» Instructions to follow
From the data that follows, print exactly the lines starting at the one containing "食品网站模板-food-171" and ending at the one containing "IMAGE DE LA"; include both of them and nothing more.

» Provided data
Content starts

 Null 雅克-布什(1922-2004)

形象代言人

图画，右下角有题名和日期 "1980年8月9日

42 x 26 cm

Content ends
Content starts

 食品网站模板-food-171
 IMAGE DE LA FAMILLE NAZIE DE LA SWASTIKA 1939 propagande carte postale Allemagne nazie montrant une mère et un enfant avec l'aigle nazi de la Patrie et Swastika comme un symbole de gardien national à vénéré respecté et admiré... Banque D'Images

Content ends
Content starts

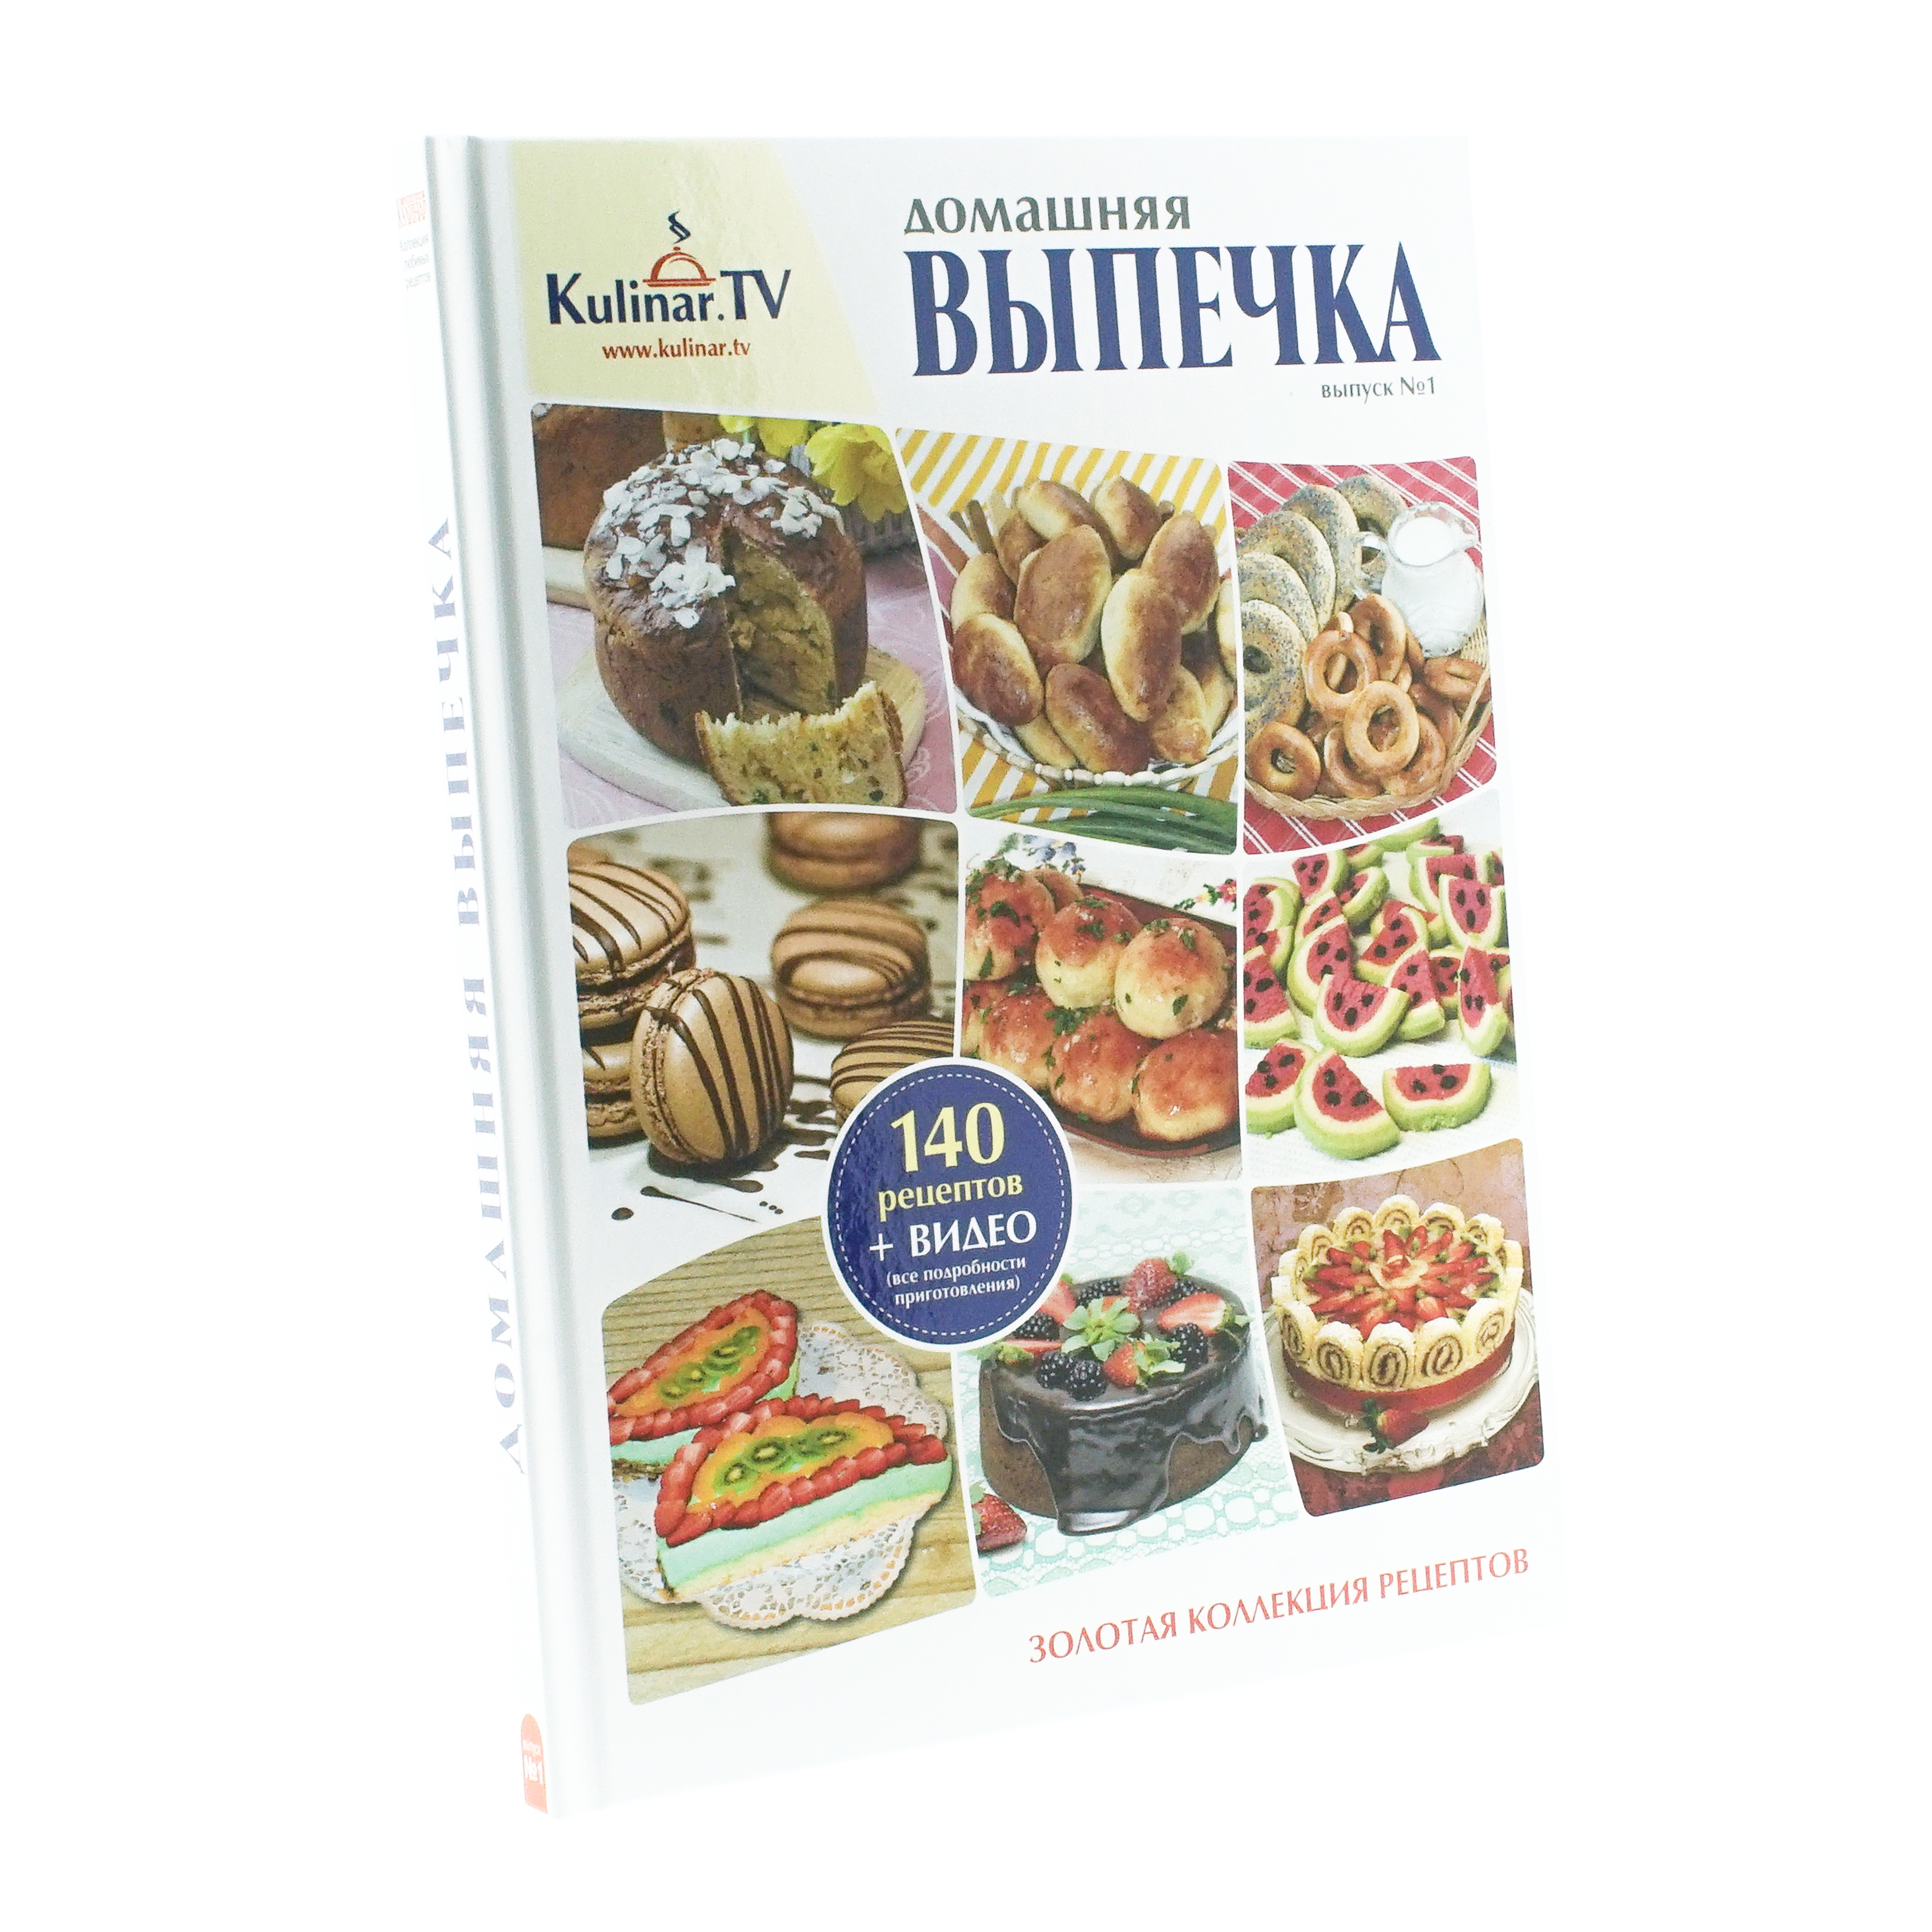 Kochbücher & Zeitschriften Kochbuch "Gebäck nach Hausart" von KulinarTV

Content ends

» Your solution
 食品网站模板-food-171
 IMAGE DE LA FAMILLE NAZIE DE LA SWASTIKA 1939 propagande carte postale Allemagne nazie montrant une mère et un enfant avec l'aigle nazi de la Patrie et Swastika comme un symbole de gardien national à vénéré respecté et admiré... Banque D'Images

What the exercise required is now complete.